Dachs left me morbidly curious in the Jared Diamond thread with this snippet:
So what is this theory about?
A load of horse dung.
About two and a half years ago, there was a spate of news articles about a short paper published in
Science analyzing tree-ring climatological data points for the late classical period. The authors correlated "wet and warm" periods with eras of Roman prosperity and "dry" periods with Roman decline, and suggested that these political changes could be explained by the effect of the altered climate on agriculture, which formed the foundation of the Roman economy.
The problems start to arise with an even cursory critical reading of the article. Firstly, the authors noted that the dry periods began in earnest in the third century, a period of political crisis in the Roman Empire. Problematically, the so-called Third Century Crisis has mostly been abandoned by classical historians over the last few decades for a variety of reasons. And insofar as there is still a sense of the Roman Empire undergoing serious conflict in the third century, there is almost nobody who believes that this was connected to
economic issues. So the correlation isn't even there in the first place.

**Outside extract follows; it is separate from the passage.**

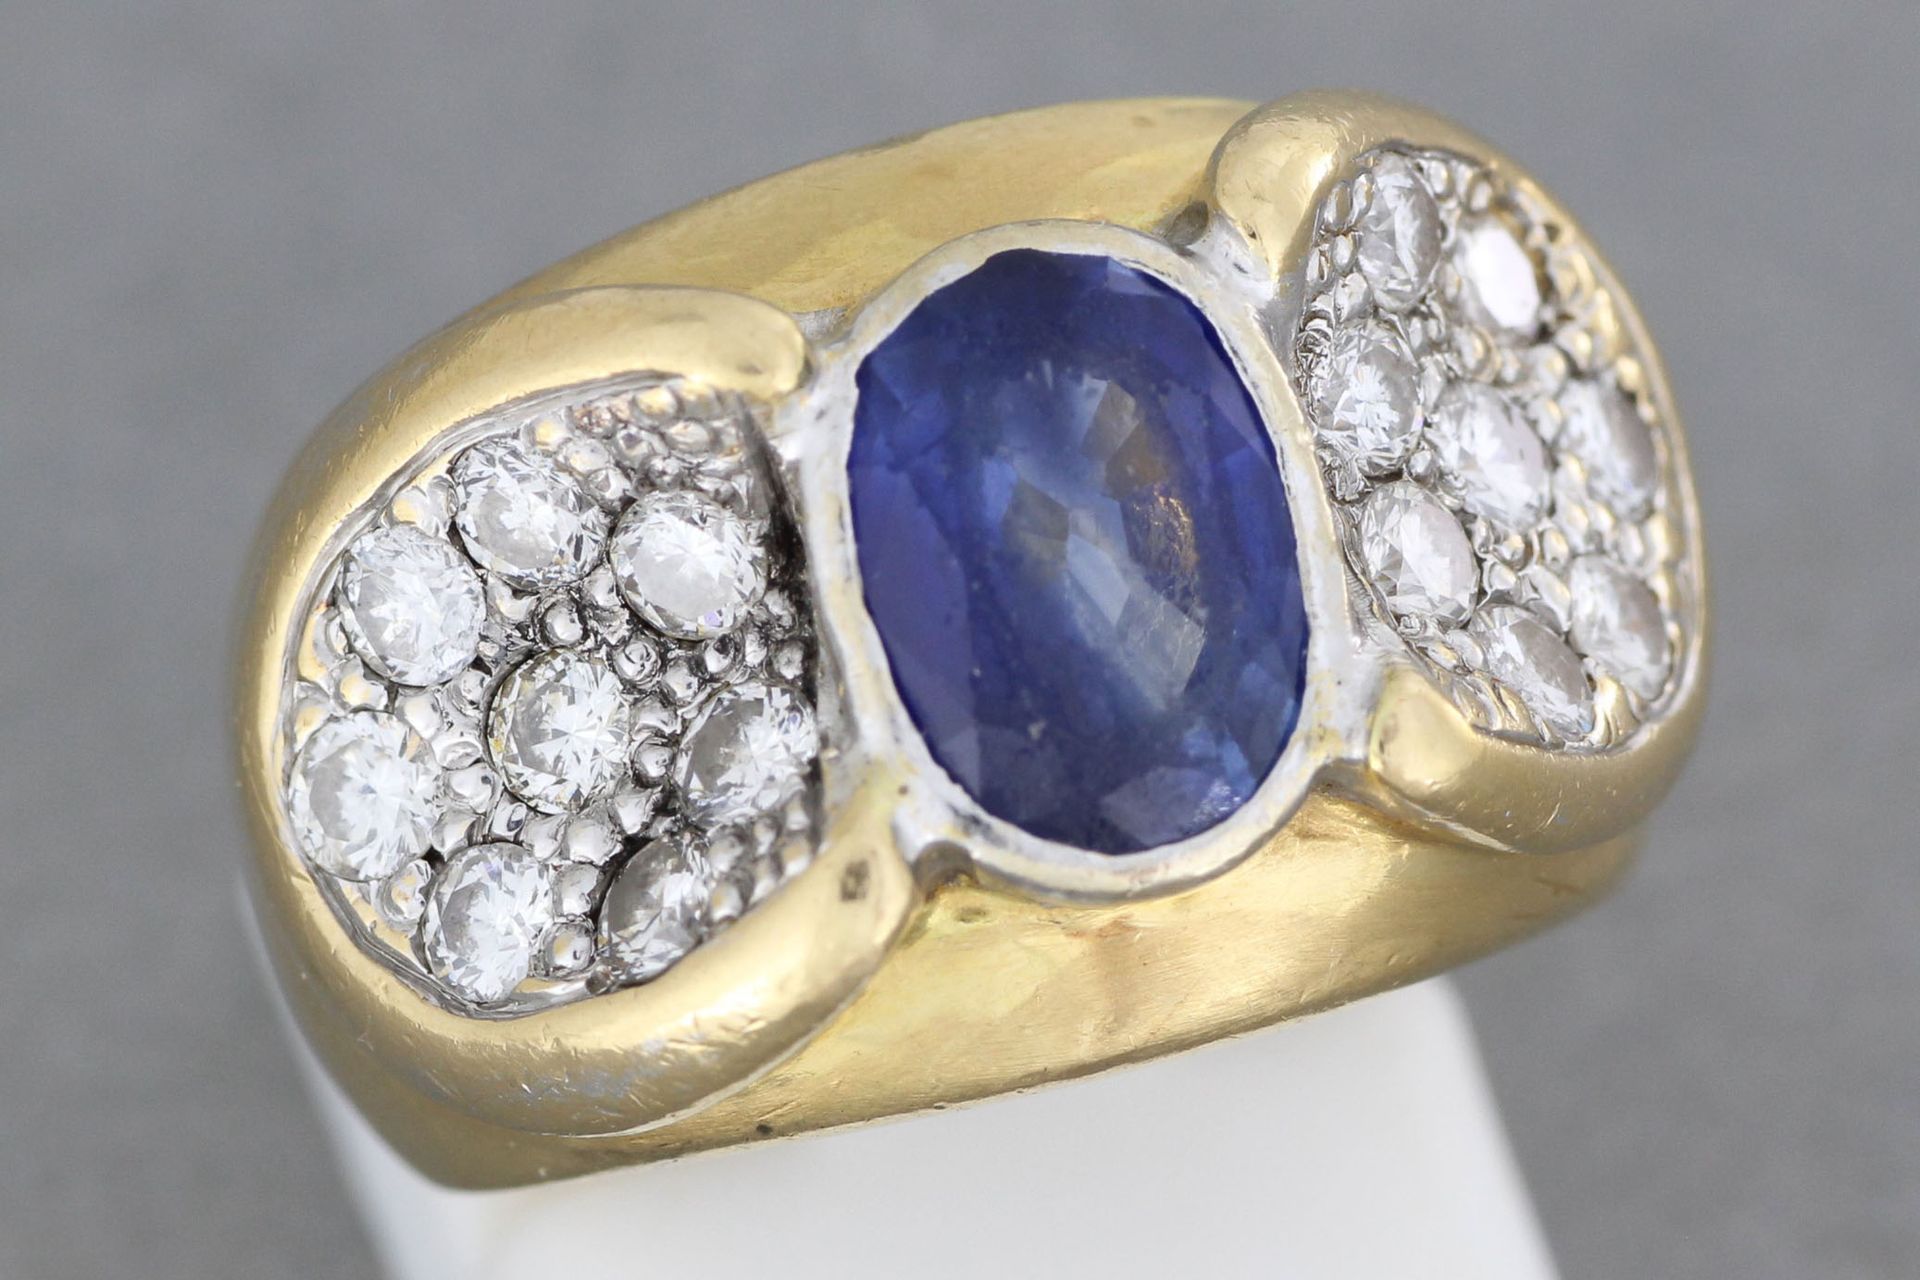 Null Gold ring set with a sapphire and two paved diamonds - Gross weight: 13.1 g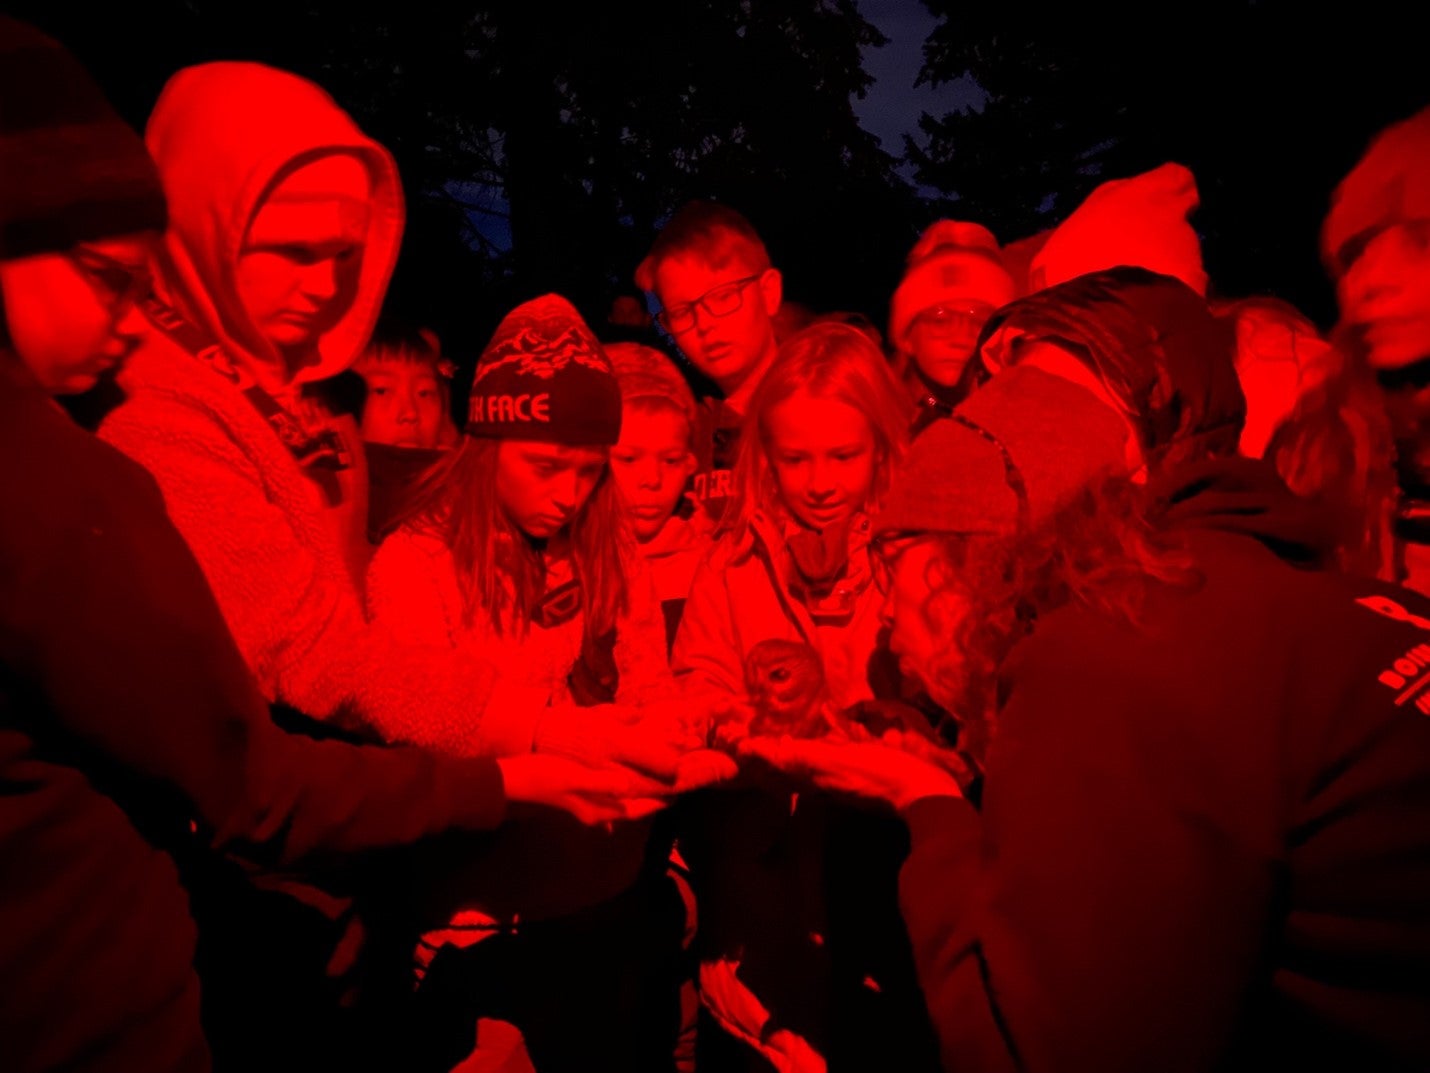 The photo is taken in red light and appears all black and red. about ten students gather around with outstretched hands held together to make a platform. A tiny adorable saw whet owl sits perched on their hands as heather hayes leans in to help release it.

Secondly, even if we agree that the climate changes might have had something to do with the Crisis of the Third Century - and there is no reason to do so - then one would have to explain why the Roman Empire underwent a period of economic and political prosperity in the
fourth century, a historiographical trope that by contrast is very well supported by archaeological evidence and textual data. The climate was, supposedly, getting less conducive to agriculture, but at that time, across the empire, there was an agricultural boom (esp. in North Africa, Britain, and Syria).
Thirdly, the authors' explanation is superfluous, because we
already have a perfectly sound explanation for the collapse of the unified Roman state in Western Europe. Even if there is considerable disagreement about the mechanics of this collapse (e.g. between the supporters of Walter Goffart and those of Walter Pohl, or between those who highlight "barbarians" as causative agents and those who describe "barbarian" migrations as effects), the fundamental consensus remains: the Roman Empire ceased to exist because of a myriad of civil wars that tore the country apart and left periphery and core fragmented and antagonistic.
There isn't really much room in that explanation for a climatological element, except possibly with the "barbarians". Sometimes climate changes are employed to explain migratory activity in history, but the mechanics of this are usually shoddy and unconvincing. Sometimes we will see claims that climatic optima cause population surpluses which cause political turmoil which causes relocation
en masse, but the individual links in this chain are not substantiated. To complicate matters, sometimes the
opposite argument is put forward:
poor climate conditions cause population collapses which are staved off by...relocation
en masse. Effectively, any climate whatsoever is used to explain migratory activity: good climate, bad climate, changing climate,
unchanging climate, and so on. This should set off alarm bells in readers' heads.
And then there are the issues with determining whether migratory activity even took place
at all but that's another story entirely...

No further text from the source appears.